===== DATA FOR THE TASK =====
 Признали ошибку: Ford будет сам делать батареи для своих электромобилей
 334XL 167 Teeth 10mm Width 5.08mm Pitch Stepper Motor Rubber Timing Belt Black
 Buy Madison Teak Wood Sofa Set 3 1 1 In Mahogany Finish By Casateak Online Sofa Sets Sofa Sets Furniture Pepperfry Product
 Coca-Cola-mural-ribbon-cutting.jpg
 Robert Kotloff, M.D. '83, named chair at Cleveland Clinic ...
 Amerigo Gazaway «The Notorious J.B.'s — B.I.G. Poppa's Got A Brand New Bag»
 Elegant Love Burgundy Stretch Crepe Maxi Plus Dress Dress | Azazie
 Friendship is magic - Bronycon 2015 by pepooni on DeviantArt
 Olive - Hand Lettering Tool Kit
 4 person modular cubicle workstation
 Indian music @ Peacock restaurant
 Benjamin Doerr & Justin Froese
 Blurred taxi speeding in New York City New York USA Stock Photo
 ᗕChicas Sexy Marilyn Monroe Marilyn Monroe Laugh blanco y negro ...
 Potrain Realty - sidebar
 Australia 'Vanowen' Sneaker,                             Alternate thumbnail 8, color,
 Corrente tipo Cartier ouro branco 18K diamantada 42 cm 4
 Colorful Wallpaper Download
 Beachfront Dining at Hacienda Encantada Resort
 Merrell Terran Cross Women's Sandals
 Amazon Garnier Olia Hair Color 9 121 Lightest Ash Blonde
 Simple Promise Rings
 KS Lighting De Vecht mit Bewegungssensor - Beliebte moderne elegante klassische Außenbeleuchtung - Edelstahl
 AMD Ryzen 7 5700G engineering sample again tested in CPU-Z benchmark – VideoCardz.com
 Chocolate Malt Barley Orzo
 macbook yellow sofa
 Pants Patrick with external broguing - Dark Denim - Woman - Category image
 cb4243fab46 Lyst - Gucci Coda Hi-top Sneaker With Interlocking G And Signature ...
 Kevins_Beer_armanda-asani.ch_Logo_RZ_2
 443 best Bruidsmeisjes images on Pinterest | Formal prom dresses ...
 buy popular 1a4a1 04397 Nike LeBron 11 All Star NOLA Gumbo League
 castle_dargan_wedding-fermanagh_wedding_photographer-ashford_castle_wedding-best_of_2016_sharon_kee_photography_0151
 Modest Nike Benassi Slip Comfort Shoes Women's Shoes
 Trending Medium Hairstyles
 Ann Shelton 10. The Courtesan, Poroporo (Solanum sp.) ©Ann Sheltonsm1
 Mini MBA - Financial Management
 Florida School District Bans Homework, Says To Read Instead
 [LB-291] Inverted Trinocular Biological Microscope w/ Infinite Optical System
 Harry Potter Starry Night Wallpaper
=====
WORK TO BE COMPLETED
Above are the entries. Copy exactly the part that opens with the line containing "macbook yellow sofa" and closes with the line containing "443 best Bruidsmeisjes", and no more.

ANSWER TO THE PROBLEM
 macbook yellow sofa
 Pants Patrick with external broguing - Dark Denim - Woman - Category image
 cb4243fab46 Lyst - Gucci Coda Hi-top Sneaker With Interlocking G And Signature ...
 Kevins_Beer_armanda-asani.ch_Logo_RZ_2
 443 best Bruidsmeisjes images on Pinterest | Formal prom dresses ...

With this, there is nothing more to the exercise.